> _What the task requires_: The whole listing, apart from its images, should be restated word for word.

> _Stored data_:
::::

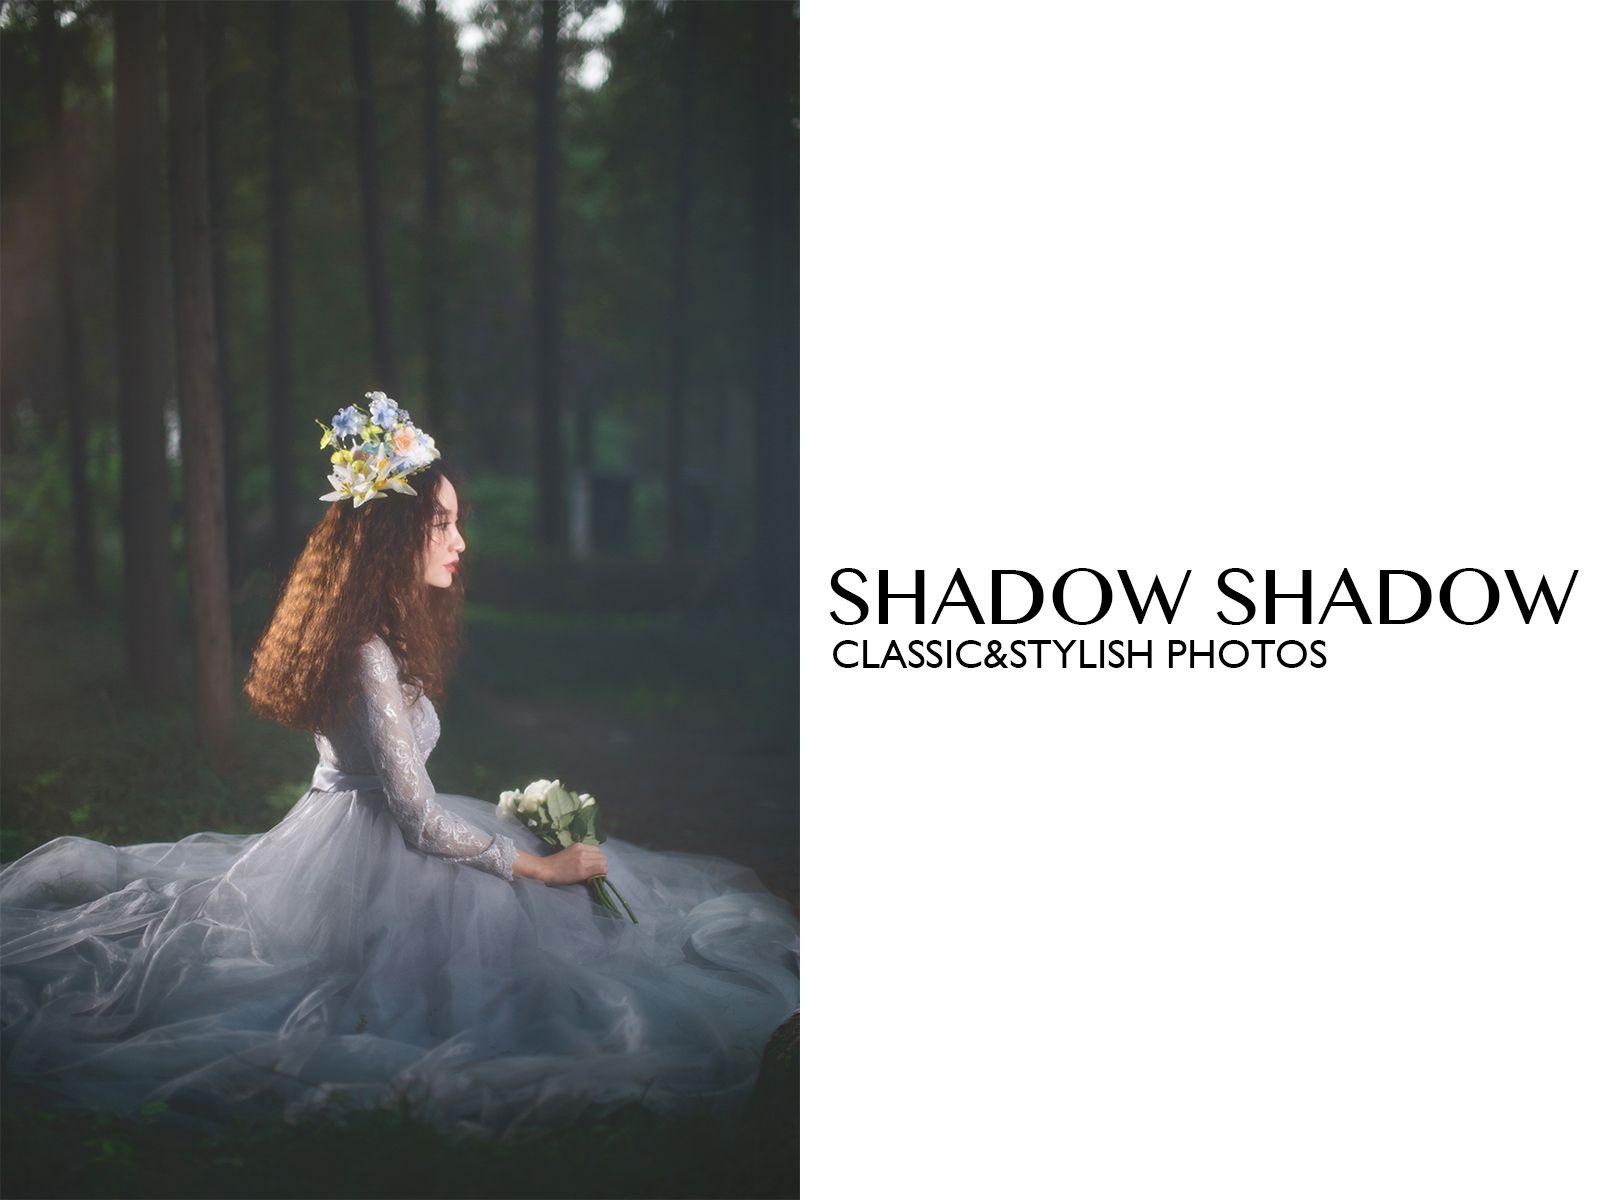 捕烽劫影婚纱摄影 SHADOWSHADOW Studio
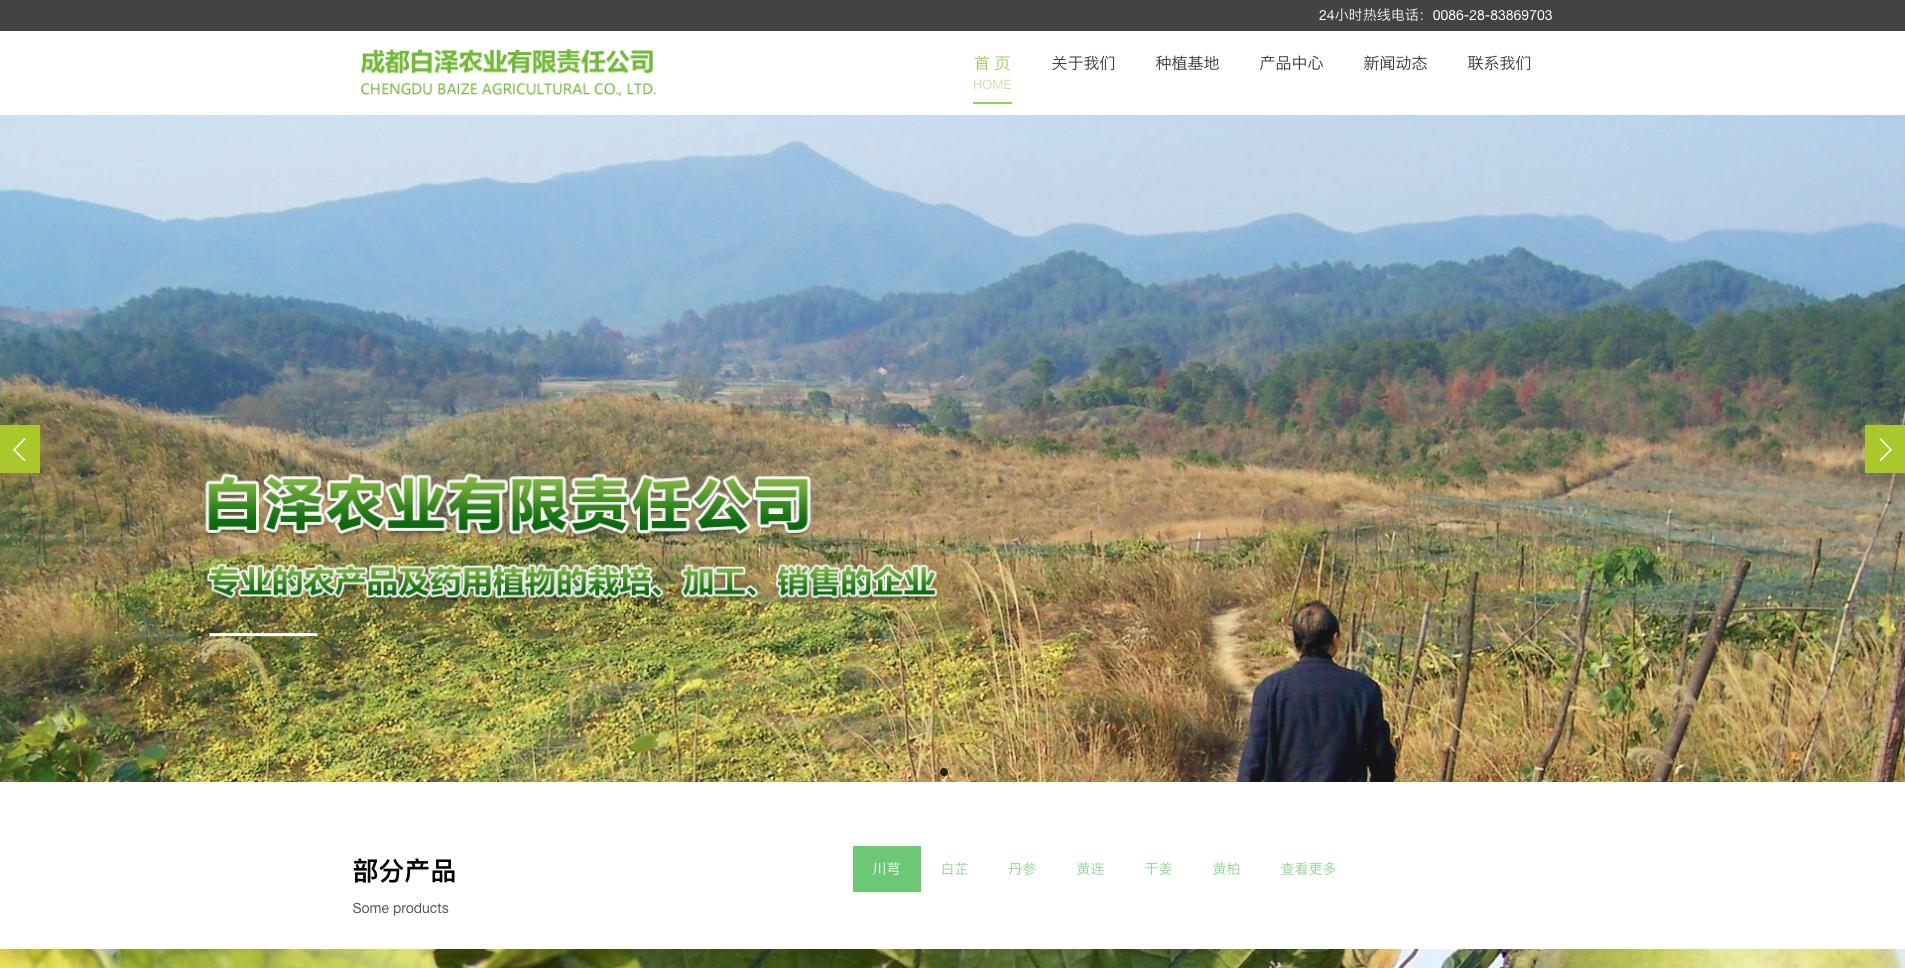 白泽农业网站首屏截图
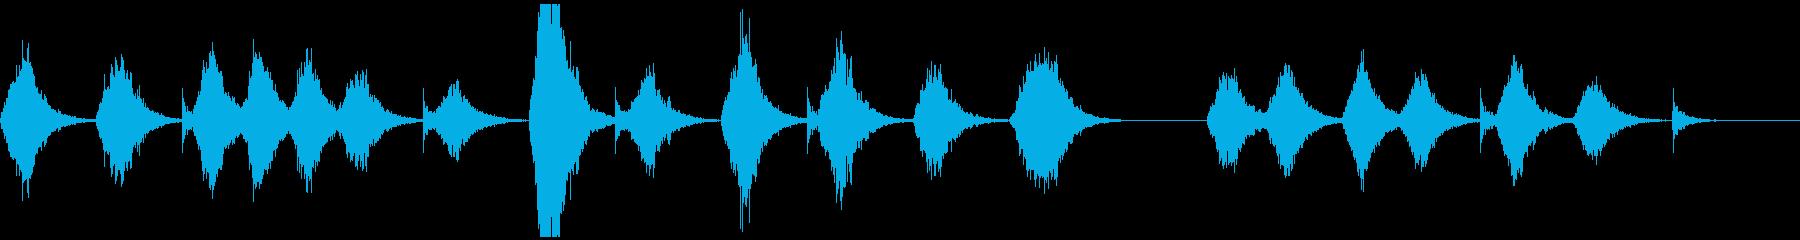 宇宙深海っぽいアンビエントの再生済みの波形

::::

> _Expected output_:
 捕烽劫影婚纱摄影 SHADOWSHADOW Studio
 白泽农业网站首屏截图
 宇宙深海っぽいアンビエントの再生済みの波形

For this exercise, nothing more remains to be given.